Dataset records:
......

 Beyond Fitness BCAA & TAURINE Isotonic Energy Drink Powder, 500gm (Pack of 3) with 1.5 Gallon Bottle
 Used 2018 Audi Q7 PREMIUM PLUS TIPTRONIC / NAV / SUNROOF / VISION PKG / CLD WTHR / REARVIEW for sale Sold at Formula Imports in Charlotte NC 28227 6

......

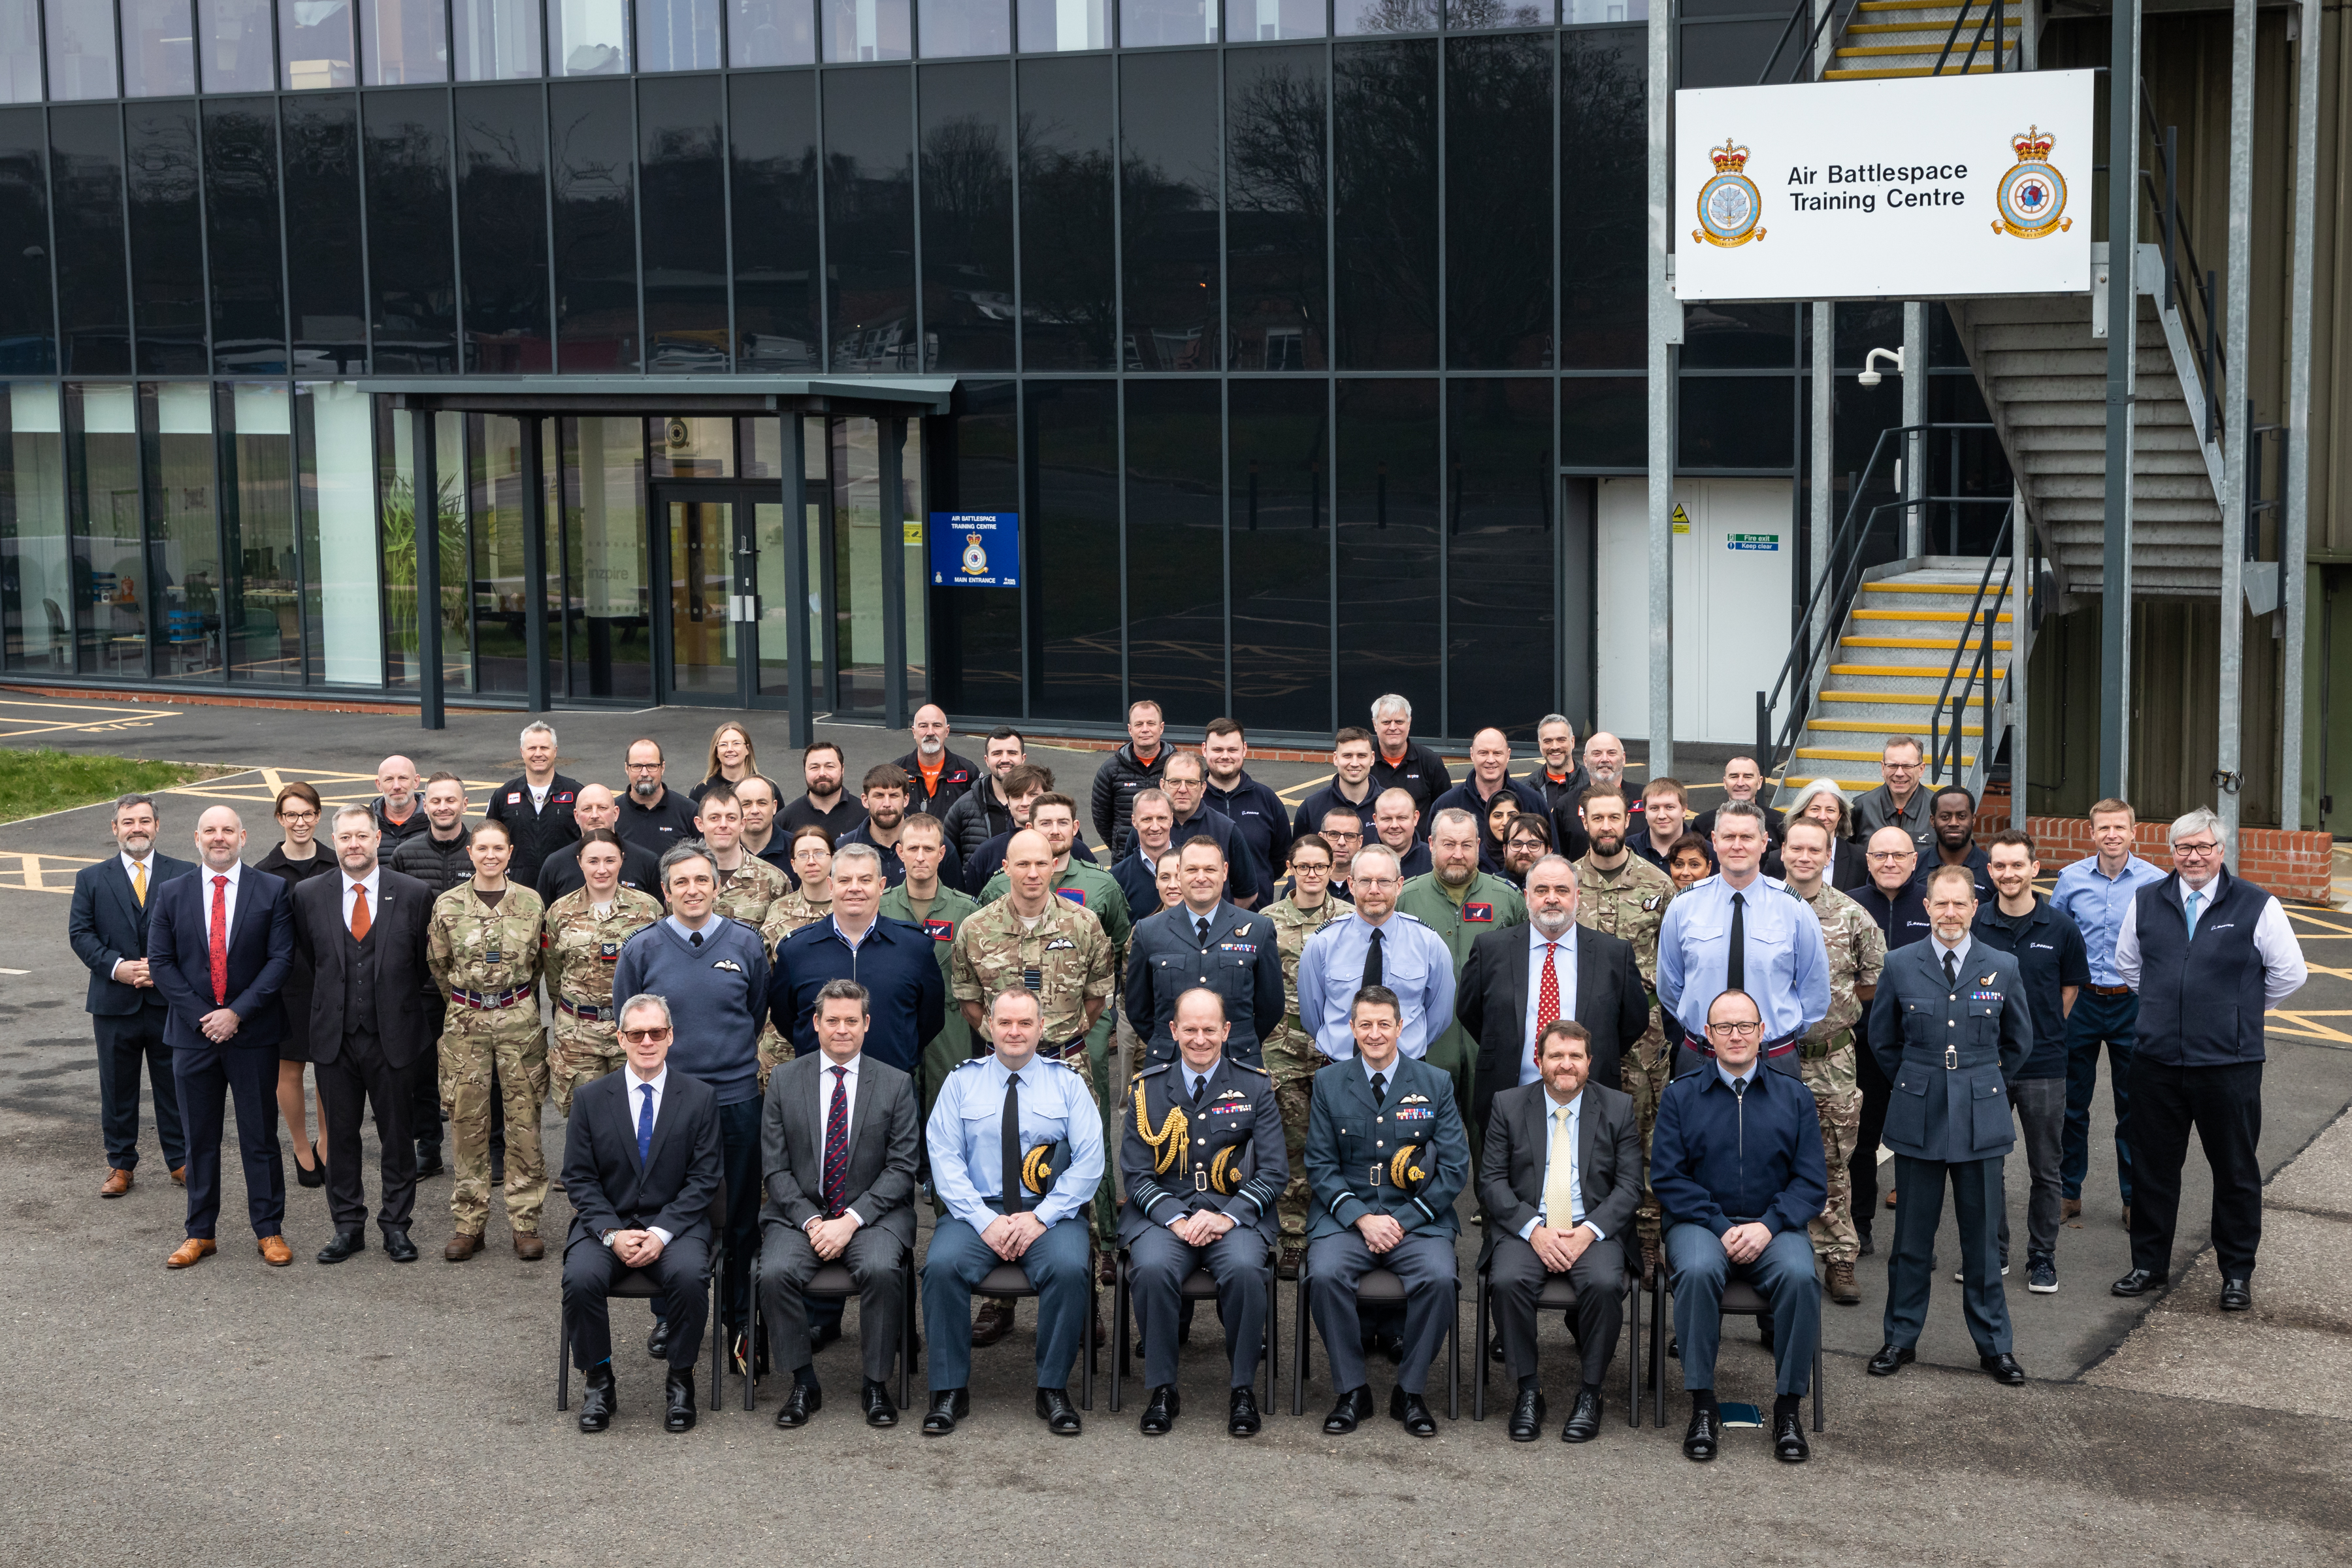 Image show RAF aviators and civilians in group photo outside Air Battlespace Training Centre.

......

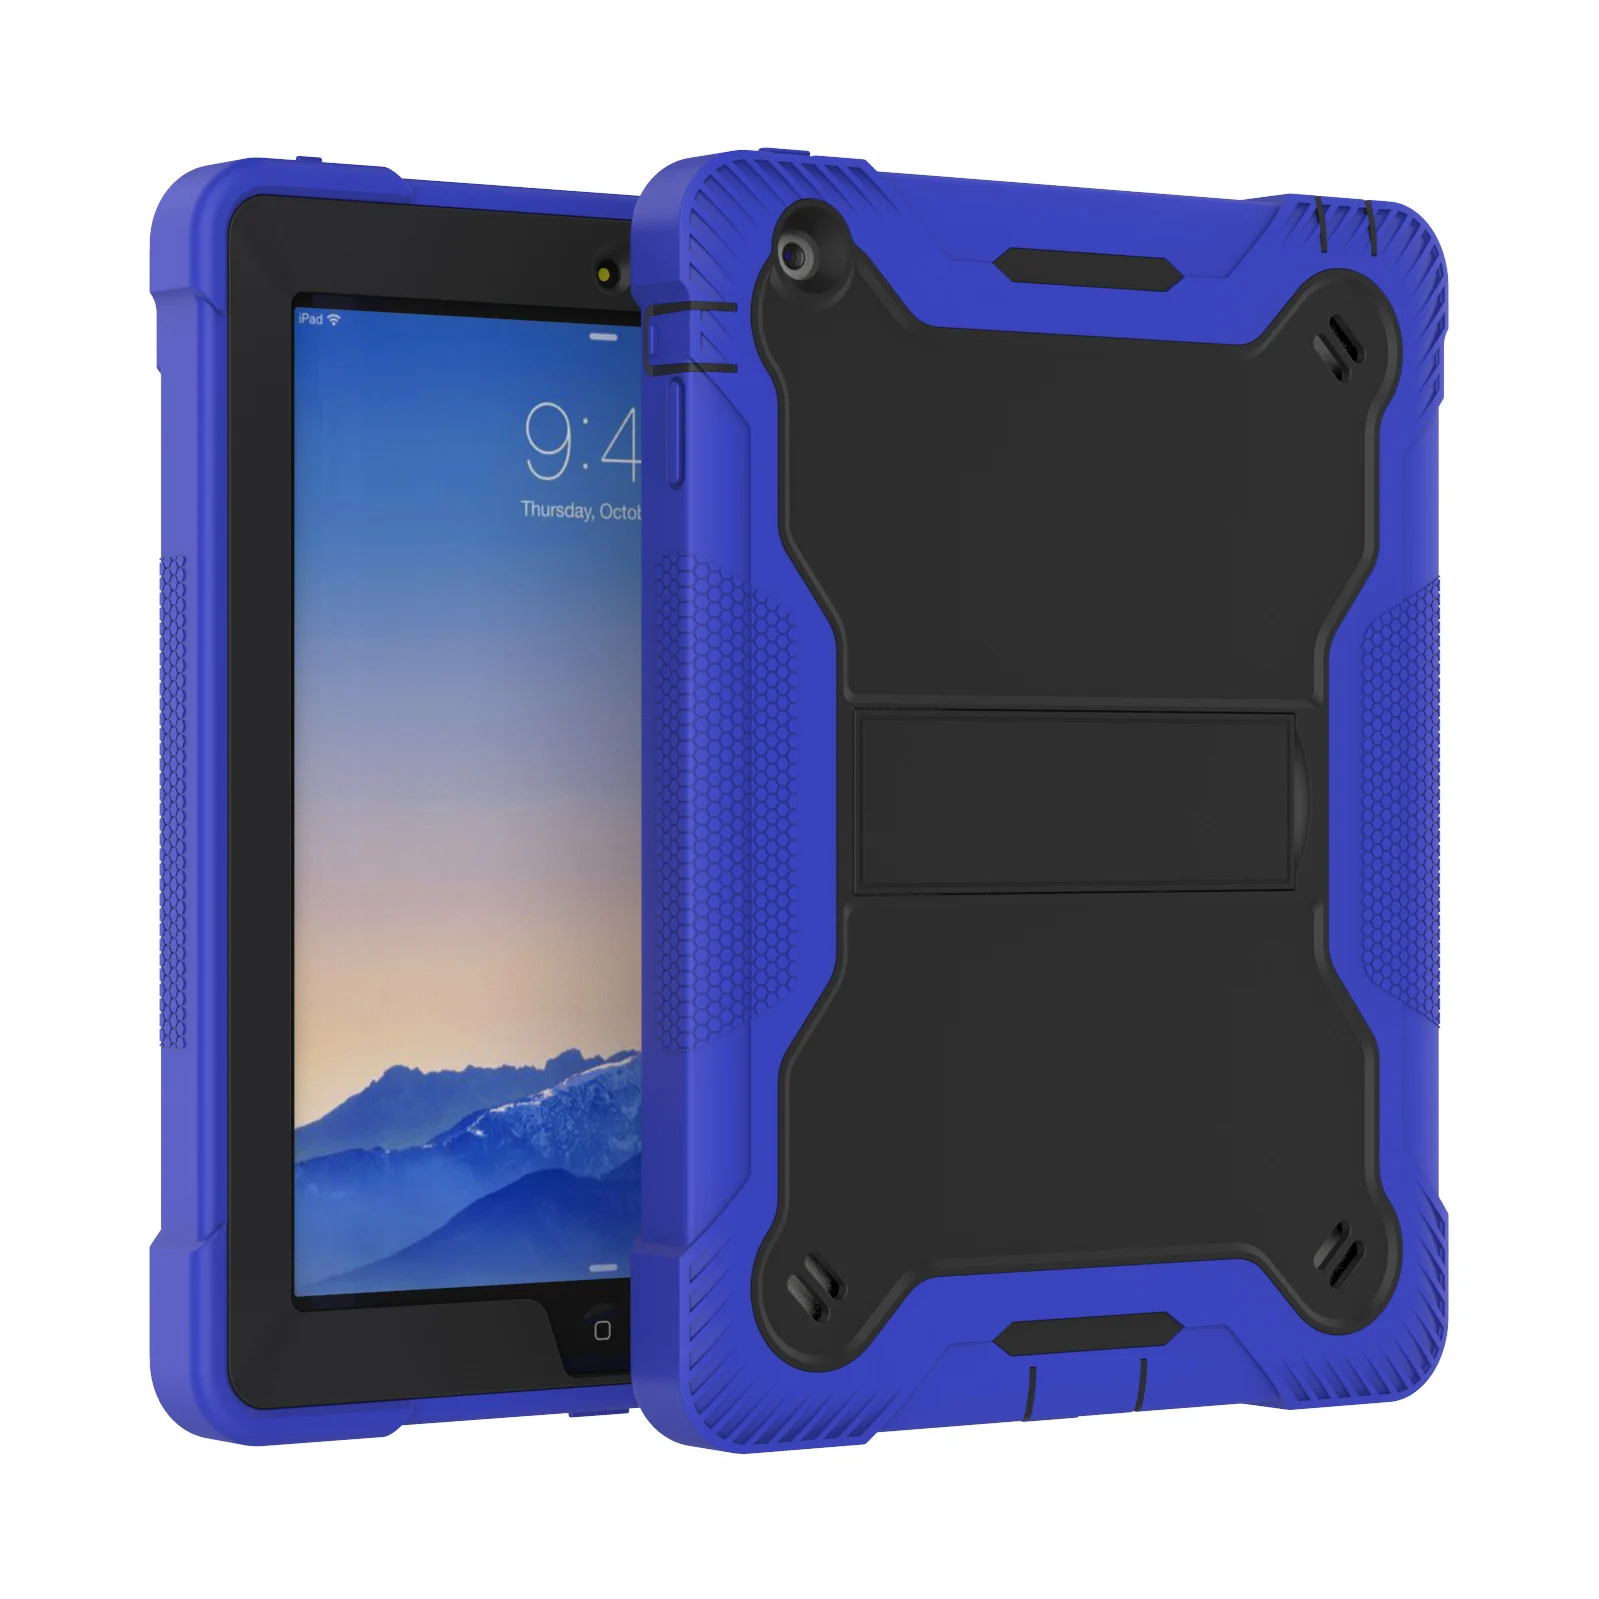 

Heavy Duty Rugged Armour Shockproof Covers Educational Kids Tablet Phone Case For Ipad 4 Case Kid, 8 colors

......

The task:
For this exercise, please output exactly the lines above starting at the line with "Beyond Fitness BCAA" and ending at the line with "Used 2018 Audi", ends included.

Task response:
 Beyond Fitness BCAA & TAURINE Isotonic Energy Drink Powder, 500gm (Pack of 3) with 1.5 Gallon Bottle
 Used 2018 Audi Q7 PREMIUM PLUS TIPTRONIC / NAV / SUNROOF / VISION PKG / CLD WTHR / REARVIEW for sale Sold at Formula Imports in Charlotte NC 28227 6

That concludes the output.